▶ **THE PROBLEM**:
For this exercise, return only the lines in the records below from the one holding "Ref 1328 - 1960" through the one holding "Rider 2022.2の新機能", including both, exactly as they appear and without pictures.

▶ **DATASET ENTRIES**:
+++++

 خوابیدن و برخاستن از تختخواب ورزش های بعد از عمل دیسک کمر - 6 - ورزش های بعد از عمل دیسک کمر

+++++

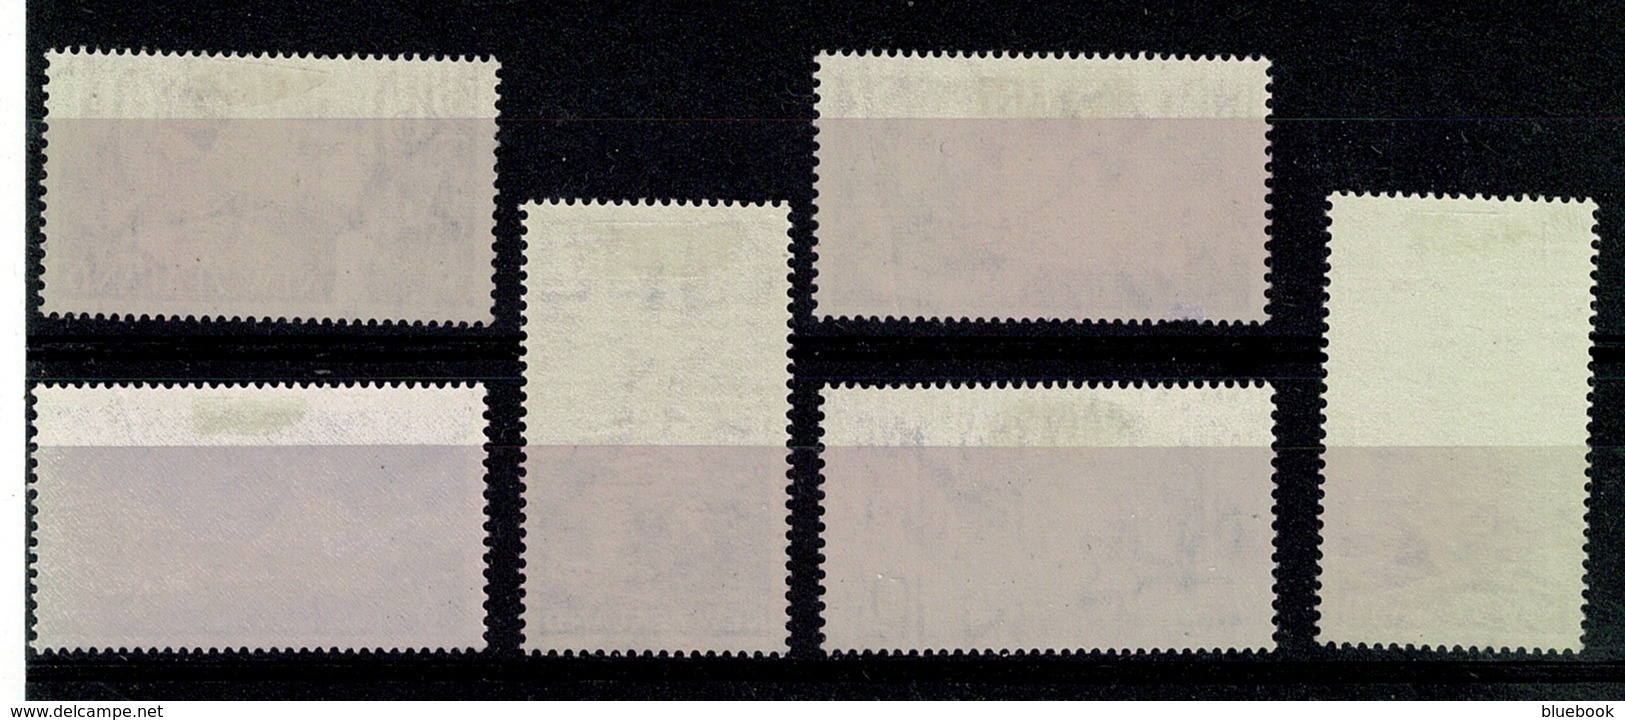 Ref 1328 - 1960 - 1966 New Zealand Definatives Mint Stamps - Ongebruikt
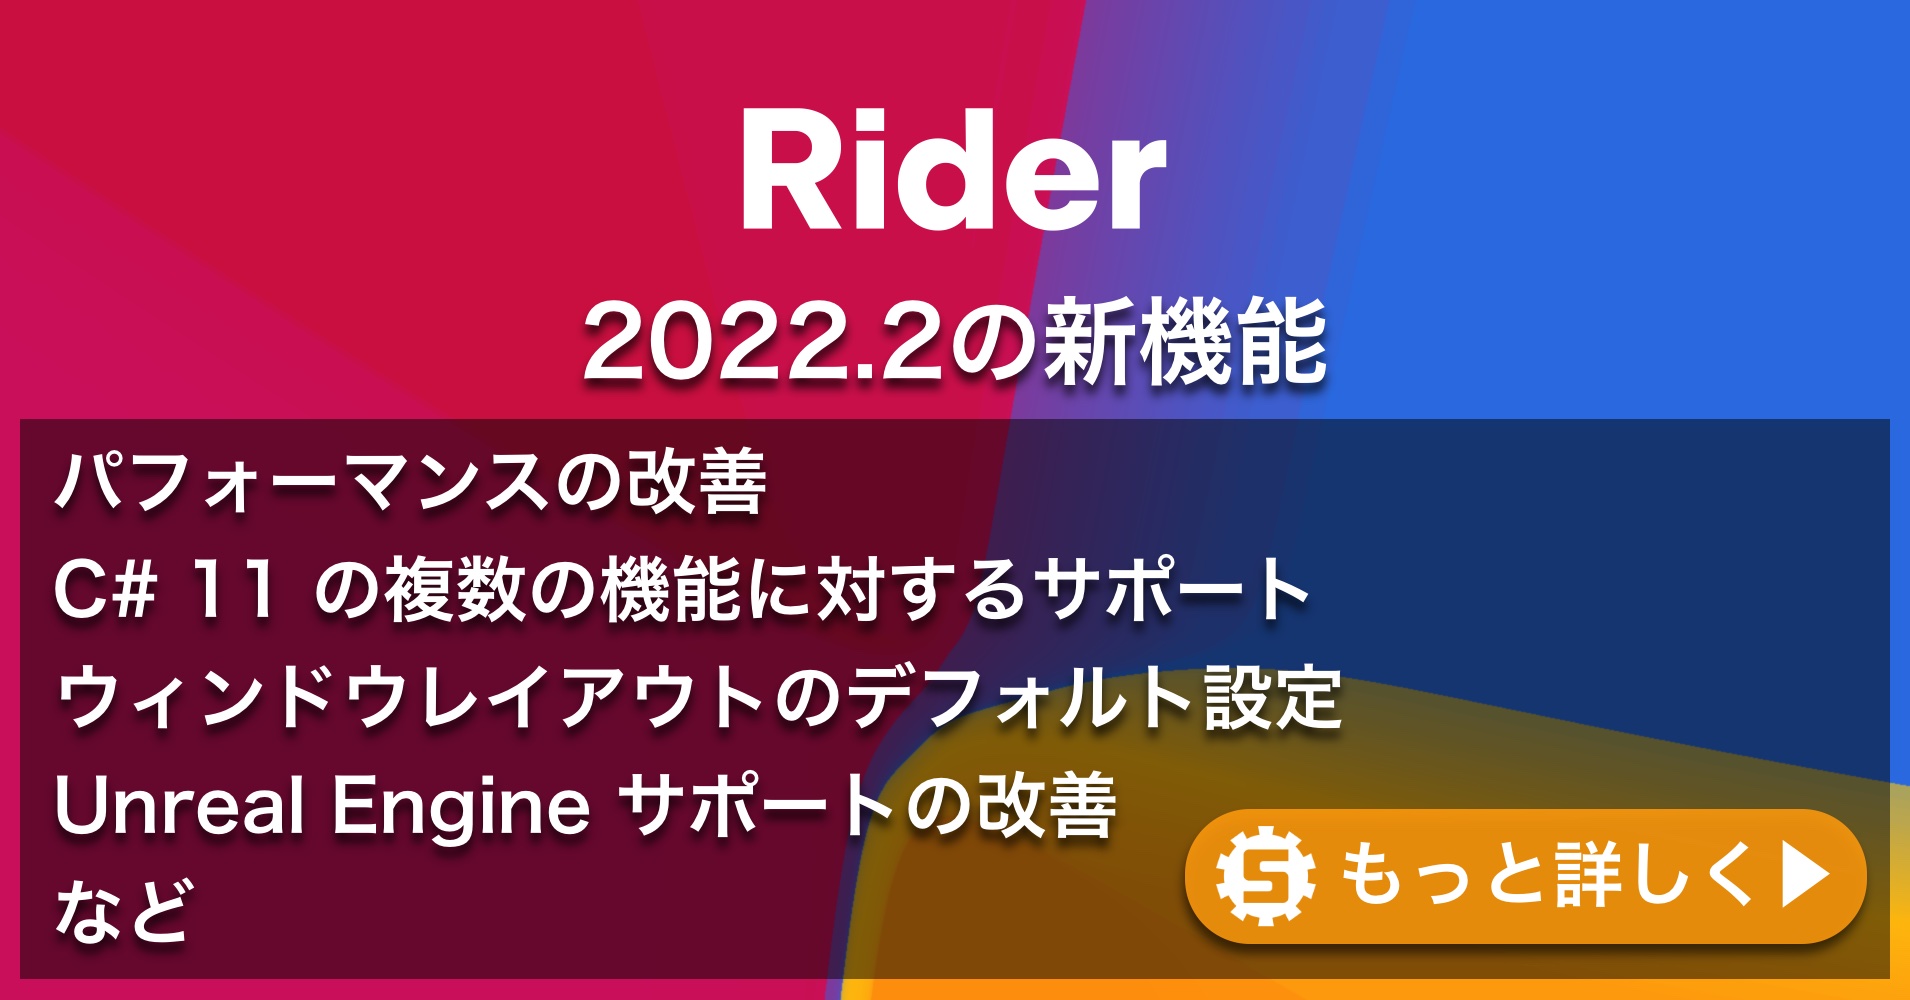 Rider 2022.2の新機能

+++++

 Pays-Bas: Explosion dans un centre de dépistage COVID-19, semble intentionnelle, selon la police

+++++

▶ **SOLUTION**:
 Ref 1328 - 1960 - 1966 New Zealand Definatives Mint Stamps - Ongebruikt
 Rider 2022.2の新機能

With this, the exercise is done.